We want this to be in a date/time format (“POSIXct”), not character.
# install.packages("lubridate")
library(lubridate)
spd <- spd_raw %>% mutate(`Event Clearance Date` = mdy_hms(`Event Clearance Date`, tz = "America/Los_Angeles"))
str(spd$`Event Clearance Date`)
POSIXct[1:706], format: "2016-03-25 23:58:30" "2016-03-25 23:57:22" ...
demo_dts <- spd$`Event Clearance Date`[1:2]
(date_only <- as.Date(demo_dts, tz = "America/Los_Angeles"))
[1] "2016-03-25" "2016-03-25"
(day_of_week_only <- weekdays(demo_dts))
[1] "Friday" "Friday"
(one_hour_later <- demo_dts + dhours(1))
[1] "2016-03-26 00:58:30 PDT" "2016-03-26 00:57:22 PDT"
spd_times <- spd %>%
select(`Initial Type Group`, `Event Clearance Date`) %>%
mutate(hour = hour(`Event Clearance Date`))
time_spd_plot <- ggplot(spd_times, aes(x = hour)) +
geom_histogram(binwidth = 2) +
facet_wrap( ~ `Initial Type Group`) +
theme_minimal() +
theme(strip.text.x = element_text(size = rel(0.6)))
Factors are such a common (and fussy) vector type in R that we need to get to know them a little better when preparing data:
ggplot2
str(spd_times$`Initial Type Group`)
chr [1:706] "THEFT" "THEFT" "TRESPASS" "CRISIS CALL" ...
spd_times$`Initial Type Group` <- factor(spd_times$`Initial Type Group`)
str(spd_times$`Initial Type Group`)
Factor w/ 30 levels "ANIMAL COMPLAINTS",..: 25 25 28 6 24 27 13 12 2 27 ...
head(as.numeric(spd_times$`Initial Type Group`))
[1] 25 25 28 6 24 27
spd_vol <- spd_times %>% group_by(`Initial Type Group`) %>%
summarize(n_events = n()) %>% arrange(desc(n_events))
# set levels using order from sorted volume table
spd_times_2 <- spd_times %>% mutate(`Initial Type Group` = factor(`Initial Type Group`, levels = spd_vol$`Initial Type Group`))
# replot
time_spd_plot_2 <- ggplot(spd_times_2, aes(x = hour)) +
geom_histogram(binwidth = 2) +
facet_wrap( ~ `Initial Type Group`) +
theme_minimal() +
theme(strip.text.x = element_text(size = rel(0.6)))
reorder
function:reorder(factor_vector,
quantity_to_order_by,
function_to_apply_to_quantities_by_factor)
This is especially useful for making legends go from highest to lowest value visually using max
as your function, or making axis labels go from lowest to highest value using mean
.
relevel
and use the ref
argument to change the reference category
jayz <- billboard_2000 %>% filter(artist == "Jay-Z") %>%
mutate(track = factor(track))
jayz_bad_legend <- ggplot(jayz, aes(x = week, y = rank, group = track, color = track)) +
geom_line() + theme_bw() +
scale_y_reverse(limits = c(100, 0)) +
theme(legend.position = c(0.80, 0.25),
legend.background = element_rect(fill="transparent"))
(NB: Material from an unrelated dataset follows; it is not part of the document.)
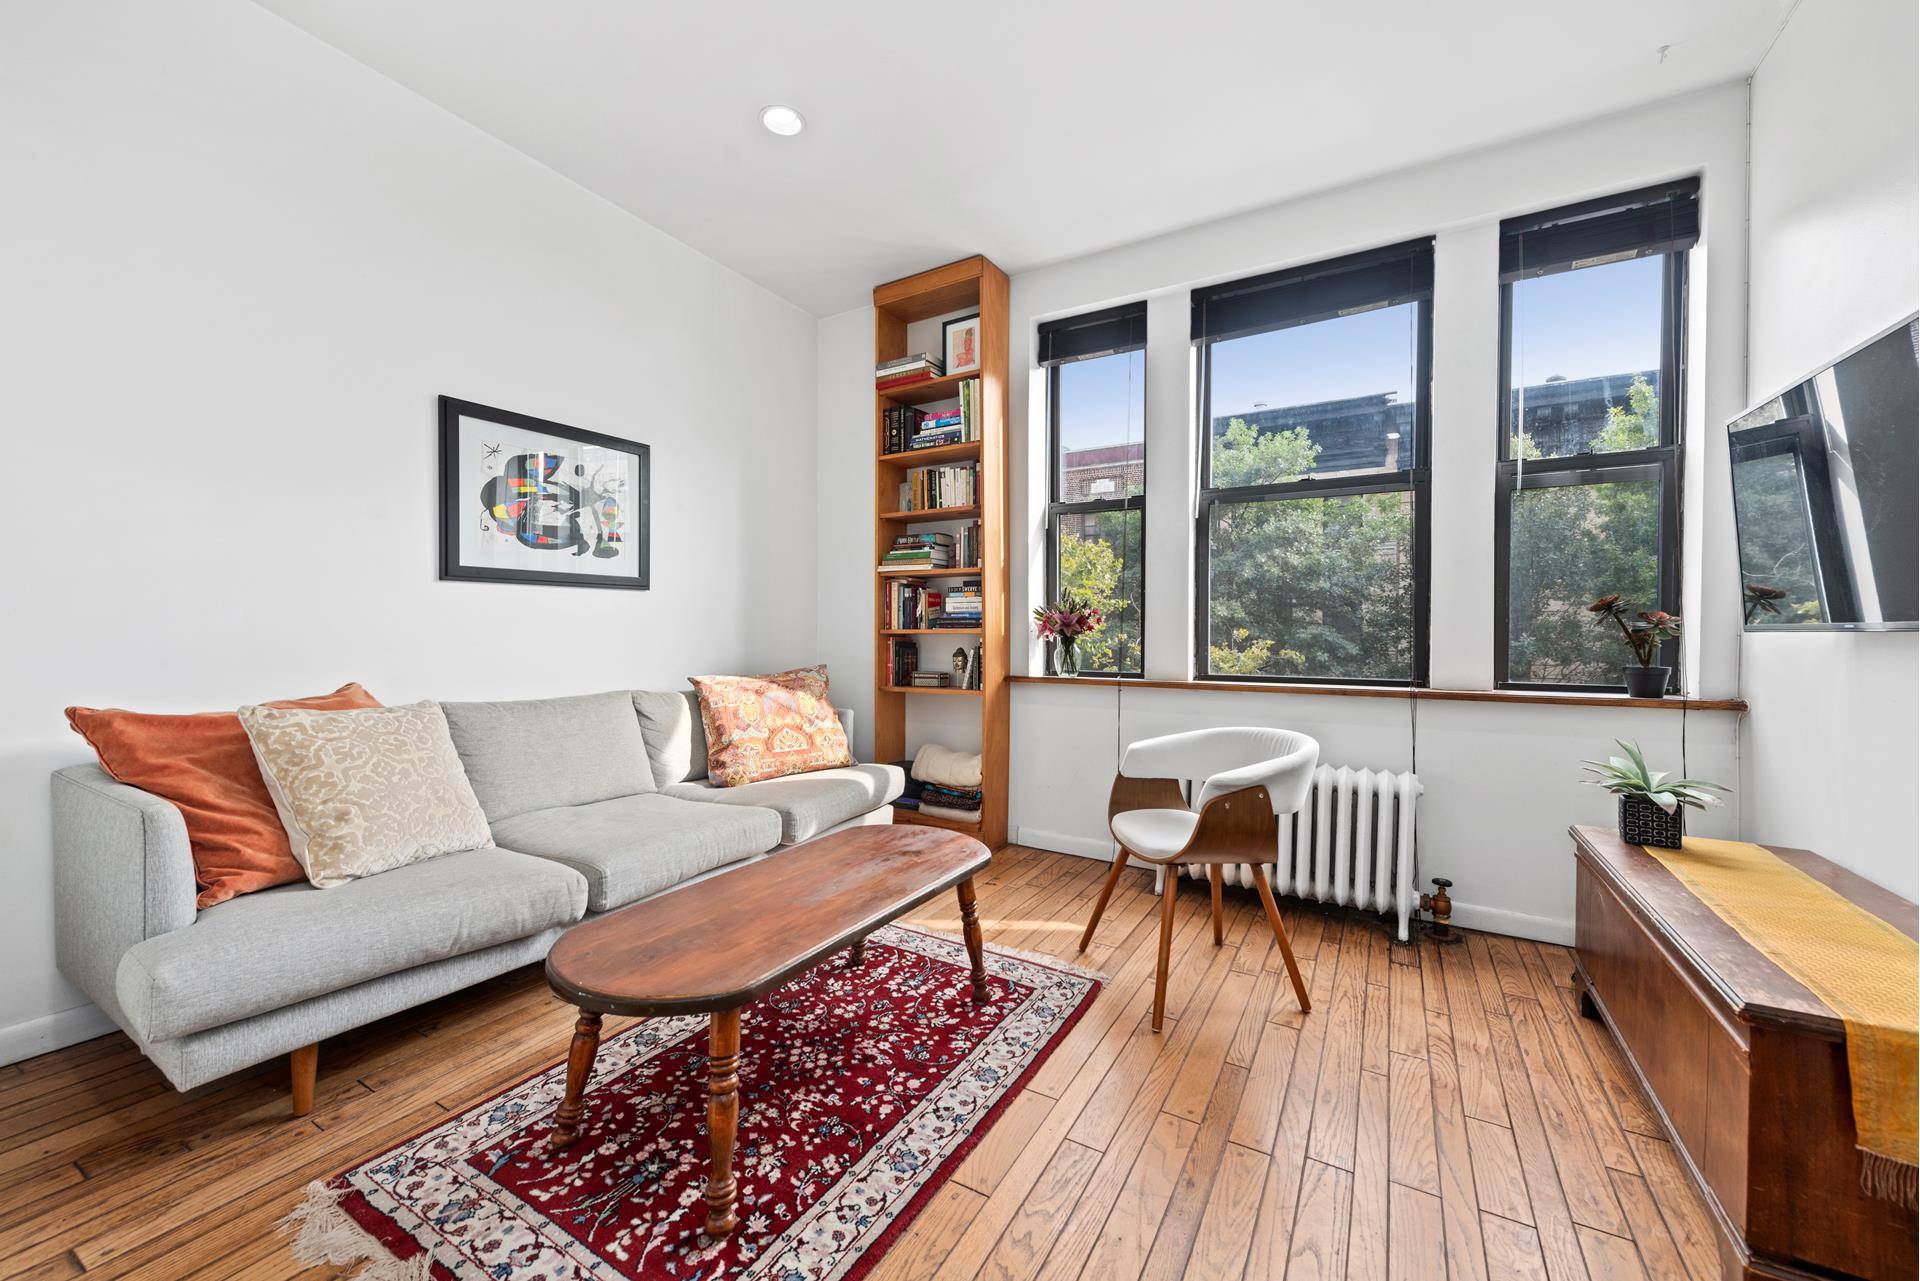 One bedroom, one bath apartment with great light in perfect Park Slope location, just off the entrance to Prospect Park at Grand Army Plaza.

jayz <- jayz %>% mutate(track = reorder(track, rank, min))
jayz_good_legend <- ggplot(jayz, aes(x = week, y = rank, group = track, color = track)) +
geom_line() + theme_bw() +
scale_y_reverse(limits = c(100, 0)) +
theme(legend.position = c(0.80, 0.25),
legend.background = element_rect(fill="transparent"))
After subsetting you can end up with fewer realized levels than before, but old levels remain linked and can cause problems for regressions. Drop unused levels from variables or your whole data using droplevels
.
jayz_biggest <- jayz %>% filter(track %in% c("I Just Wanna Love U ...", "Big Pimpin'"))
levels(jayz_biggest$track)
[1] "I Just Wanna Love U ..." "Big Pimpin'"
[3] "Anything" "Do It Again (Put Ya ..."
[5] "Hey Papi"
jayz_biggest <- jayz_biggest %>% droplevels(.)
levels(jayz_biggest$track)
[1] "I Just Wanna Love U ..." "Big Pimpin'"
Vote tallies in King County from the 2012 general election are in a 60 MB tab-delimited text file downloaded from the WA Secretary of State.
The data have no documentation, so show your detective work to answer questions about the data and clean it up in an R Markdown template on the course website.